Within the possible five to nine tabs, they could contain between four to thirteen sitelinks. This means the number of linked pages appearing in the SERPs would increase drastically. This also will impact the brand traffic analytics in many ways.

Here is an example of SEOMoz’s tabbed sitelink. As you can see the blog’s text snippet is pulled from the page’s meta description. This doesn’t always happen this way though. You can see the tab consists of a link to the main blog, link to the Rand’s post 21 Tactics to Increase Blog Traffic, link to YouMoz, and a link to the second page of the main blog.

Image source: SEOmoz

Google’s intent is to reduce the amount of time it takes users to get to popular deep pages. This in addition to personalized location-based store results and knowledge graph brings an extra degree of ease to the search process.

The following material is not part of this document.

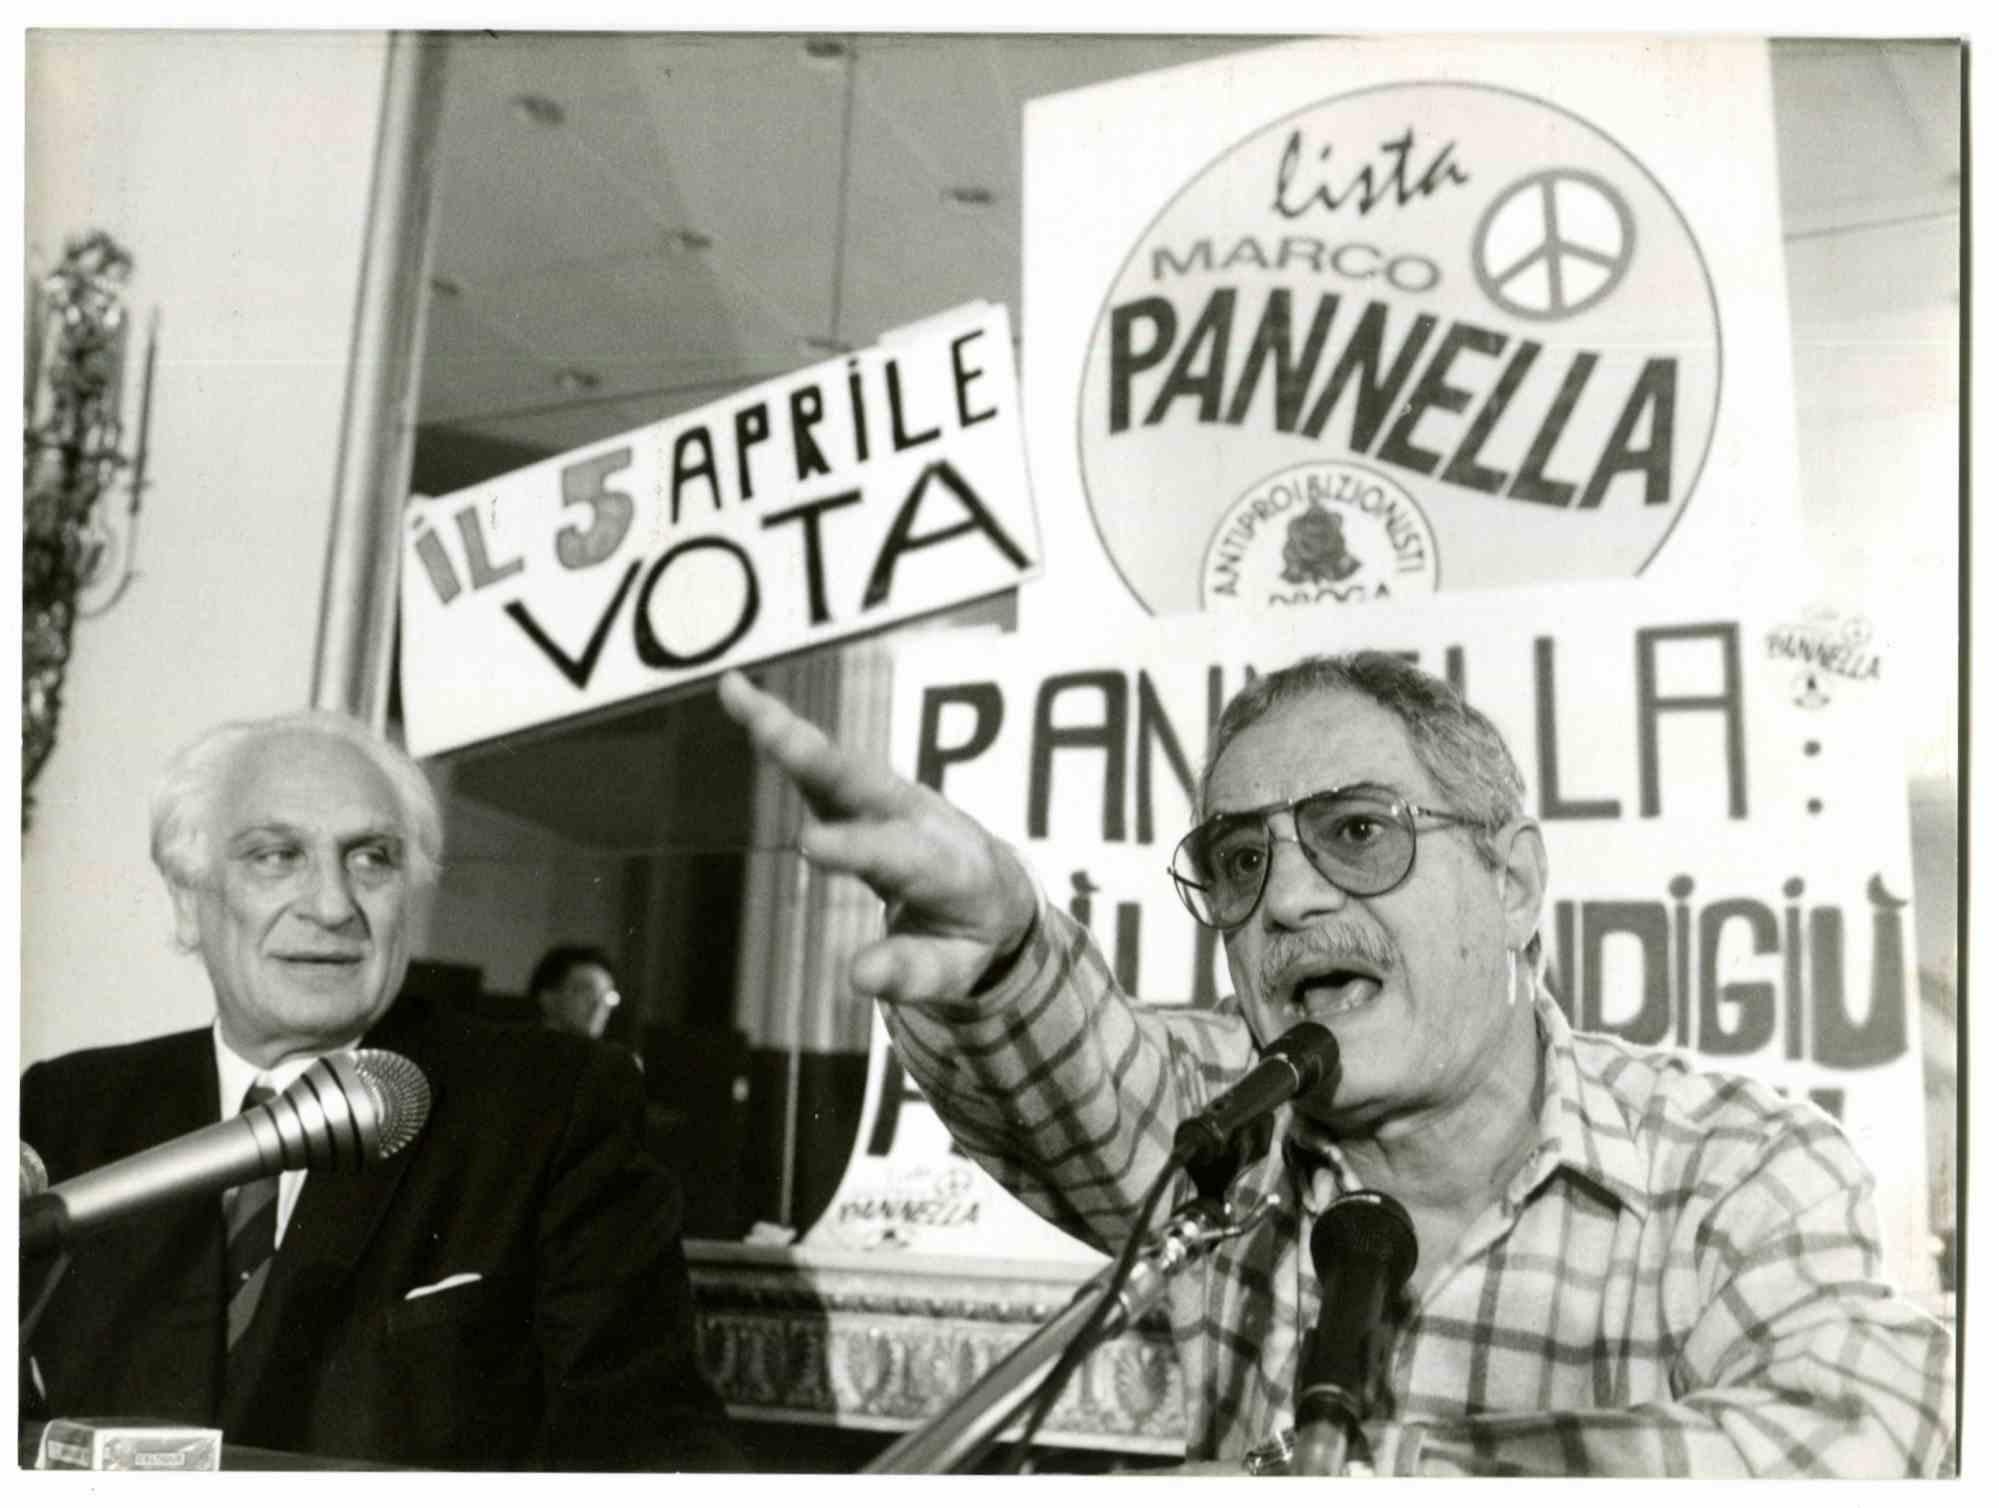 Nino Manfredi und Marco Pannella - 1970er Jahre

The bounce rate on pages appearing in the sitelinks will increase and at the same time, sitelinks should drive high quality traffic, most likely with high engagement and conversion as more users will be able to quickly land on the page they need. This will shift a great deal of traffic from the homepage to other pages on a site. Basically, taking A out of the steps of A, B, then C to get to a page. It will also decrease the average time on page/site. When a user is enable to visit just one page then they leave it will be shown as zero. You should pay more attention to the dwell time than average time on page/site.

This will lead to new strategic decisions in terms of information architecture, internal linking, content structure, and the number of deeper pages operating as entry points to the site will increase.

According to Barry Schwartz and others “We’re not seeing a direct correlation between structured data formats (including schema, RDFa, and Microformats) and the tabulated results yet, although it does seem tied directly to the main navigation of a page. And although Google has stated that meta descriptions are not a ranking factor, they play an important part in helping users make sense of the new tabulated mega sitelinks.”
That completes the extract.